Movie Maker Timeline

As with just about any video editor, you can stop and start playback with the space bar, but Movie Maker gives you the three control buttons, play/pause, and step back and forward one frame.

One of the things I really like about working in Movie Maker is that most of the effects, transitions, and themes preview automatically when you just hover the mouse cursor over their buttons. Another plus is the undo and redo buttons are right up top—video editing is a very trial-and-error process—but I suppose it's too much to ask for a history window in such a simple application.

Import and Organize
The easiest way to get video clips into Movie Maker is to tap the "Click here to browse for videos and photos" button in the main timeline area. There's also a permanent Add videos and photos button on the Home tab.
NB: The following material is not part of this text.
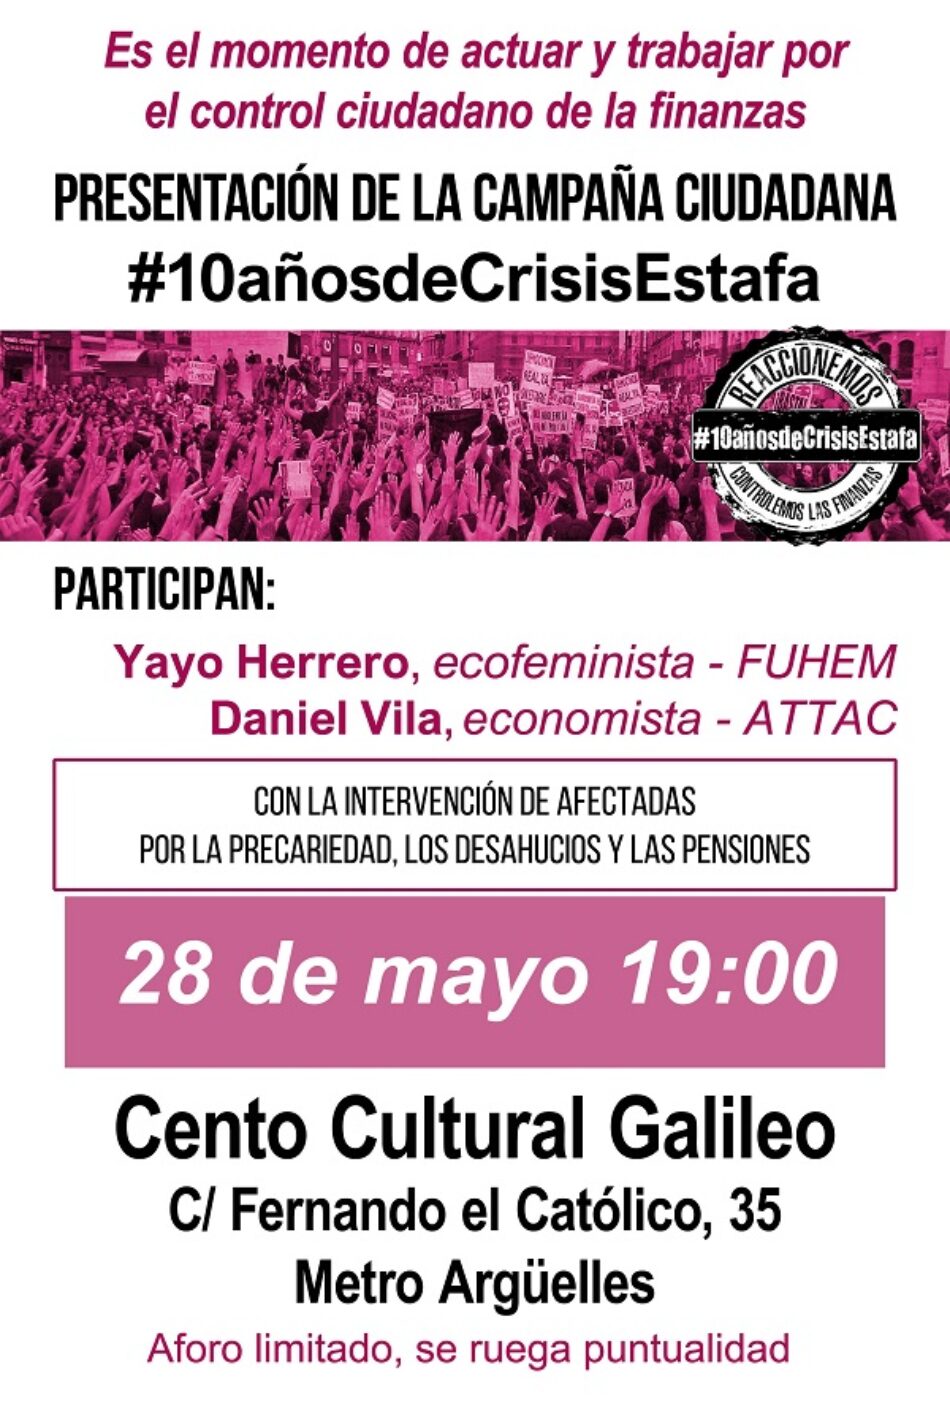 Presentación de la Campaña Ciudadana #10añosdeCrisisEstafa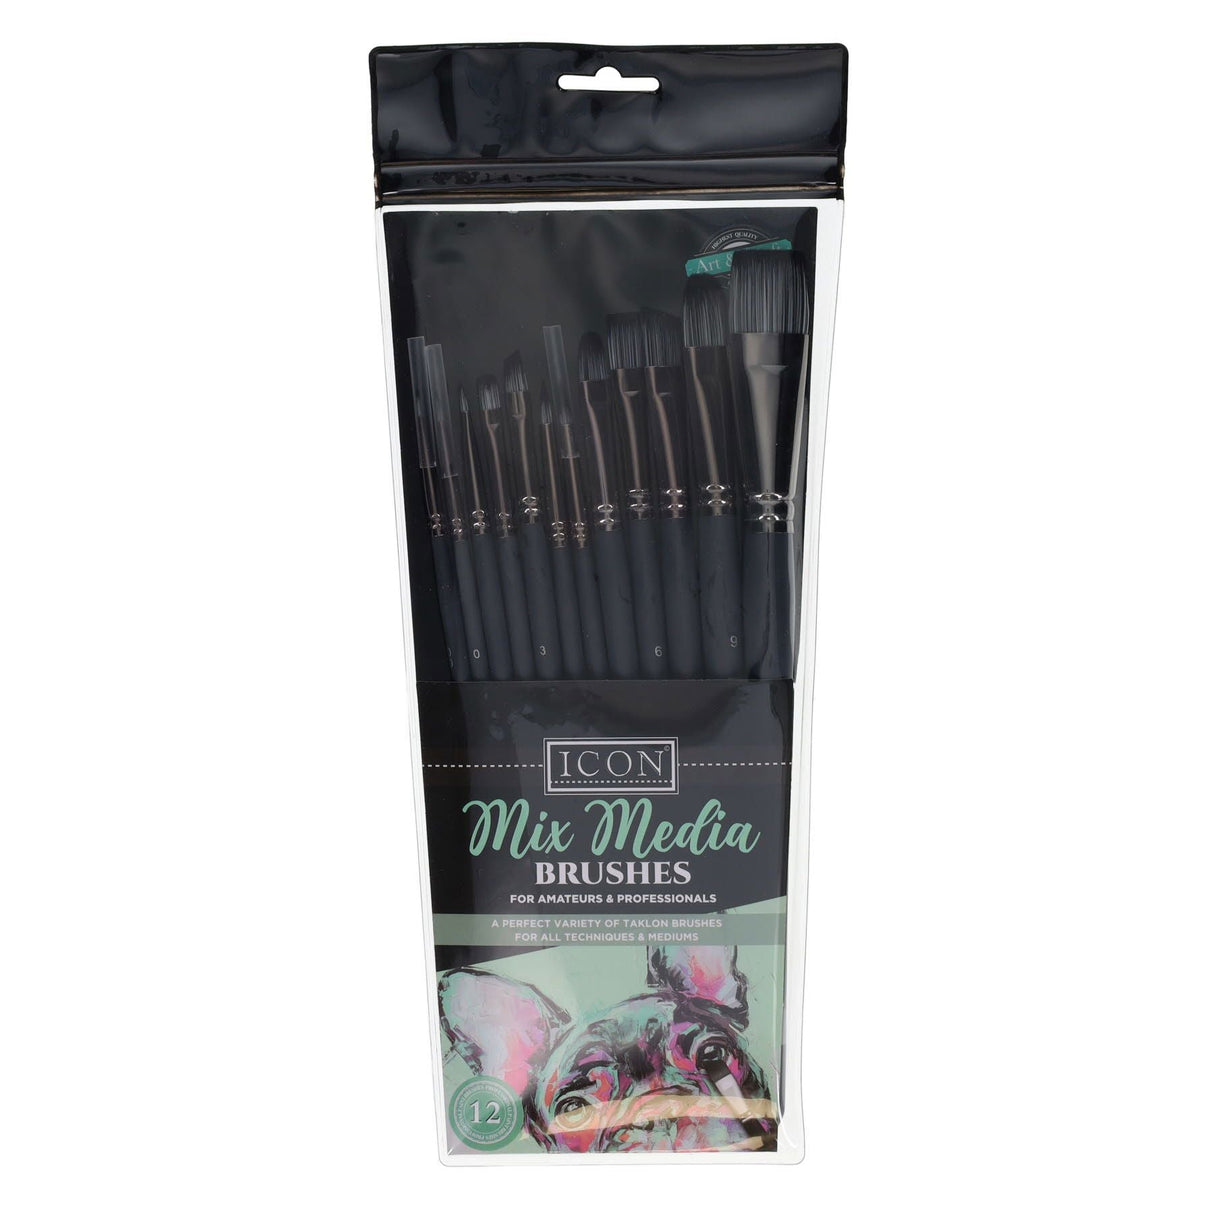 Icon Taklon Paint Brush Set - Mix Media - Pack of 12 | Stationery Shop UK

Each button opens the Pictures library, where most people's point-and-shoot videos land when they import from camera media. There's also an "Import from Device" choice in the File menu; this just opens the Windows photo/video importer, which actually does a decent job of letting you apply keyword tags and saves the image and clips to date-and-time-organized folders—not unlike iPhoto's "Events." And finally, you can start capturing video from your PC's webcam.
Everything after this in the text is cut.